• _Task goal_:
Look in the material below for the line holding "Veiligheidsoplossing Volvo trucks". Set it down exactly, with each later line up to and including the line holding "Swazi Molesworth Mens' AEGIS® Fleece Jacket".

• _Records to use_:
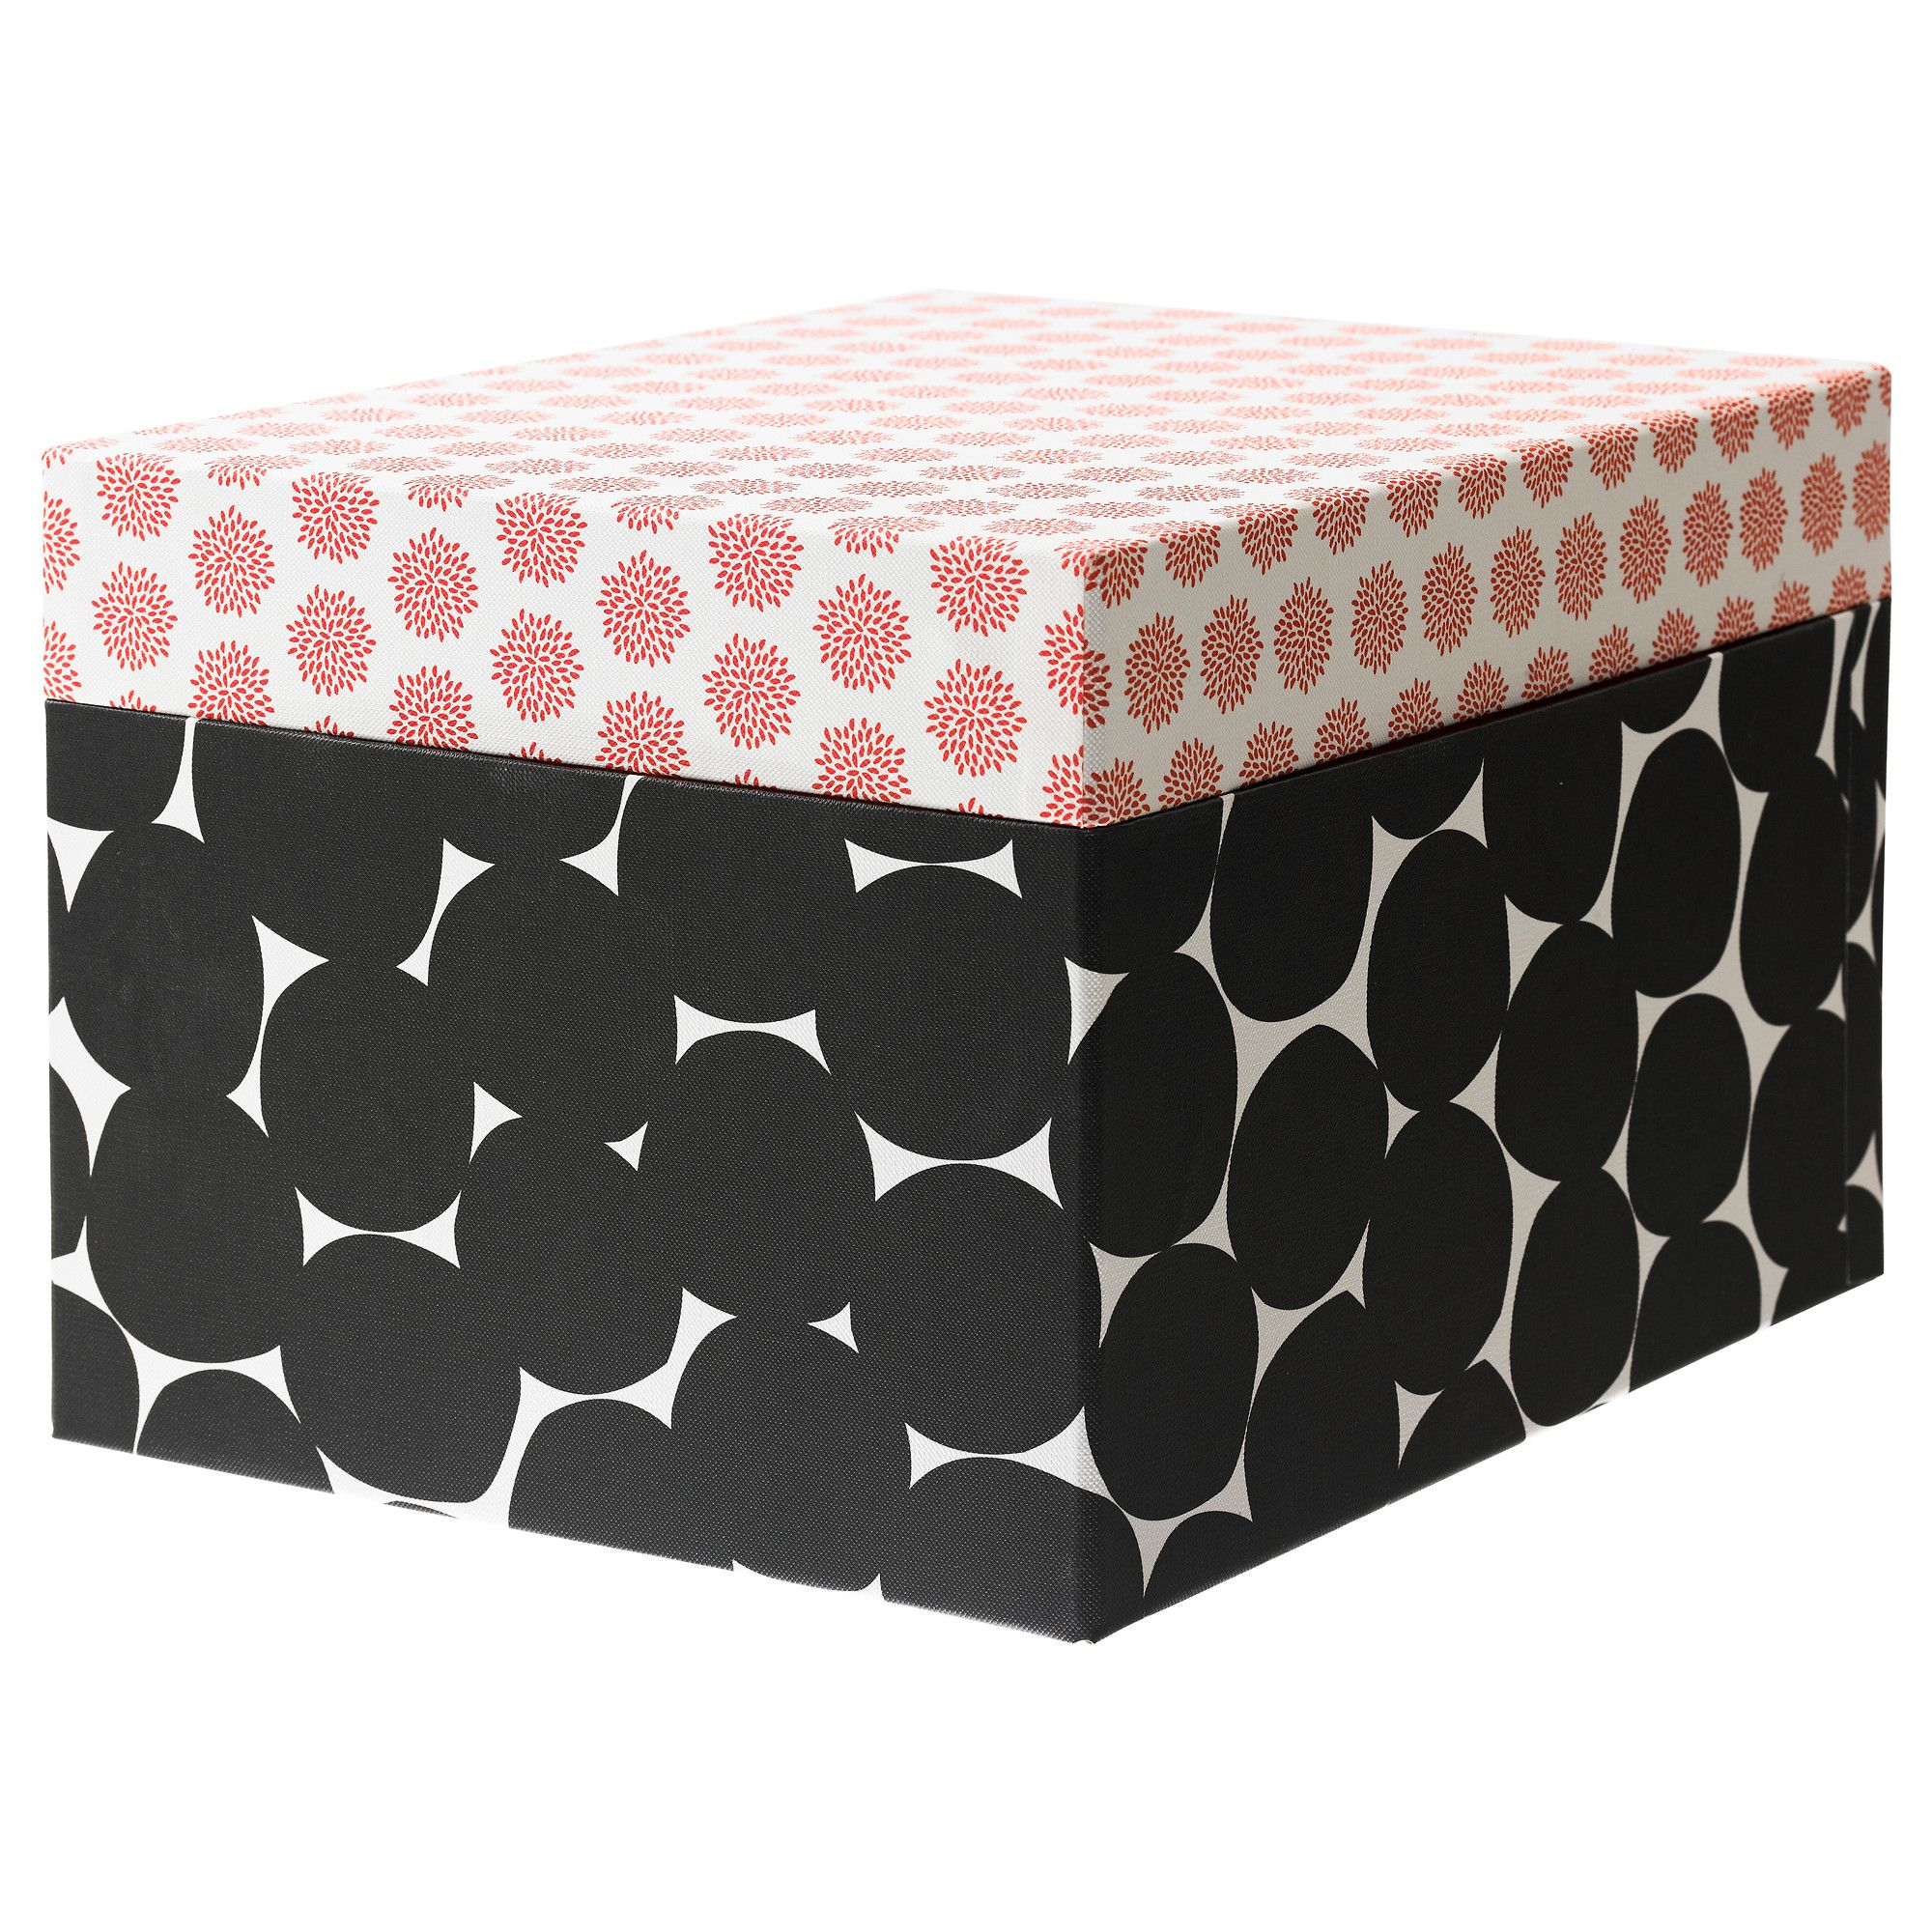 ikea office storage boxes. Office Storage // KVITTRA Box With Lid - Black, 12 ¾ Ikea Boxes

--

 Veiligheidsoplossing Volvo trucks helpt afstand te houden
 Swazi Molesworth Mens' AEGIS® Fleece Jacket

• _Output below_:
 Veiligheidsoplossing Volvo trucks helpt afstand te houden
 Swazi Molesworth Mens' AEGIS® Fleece Jacket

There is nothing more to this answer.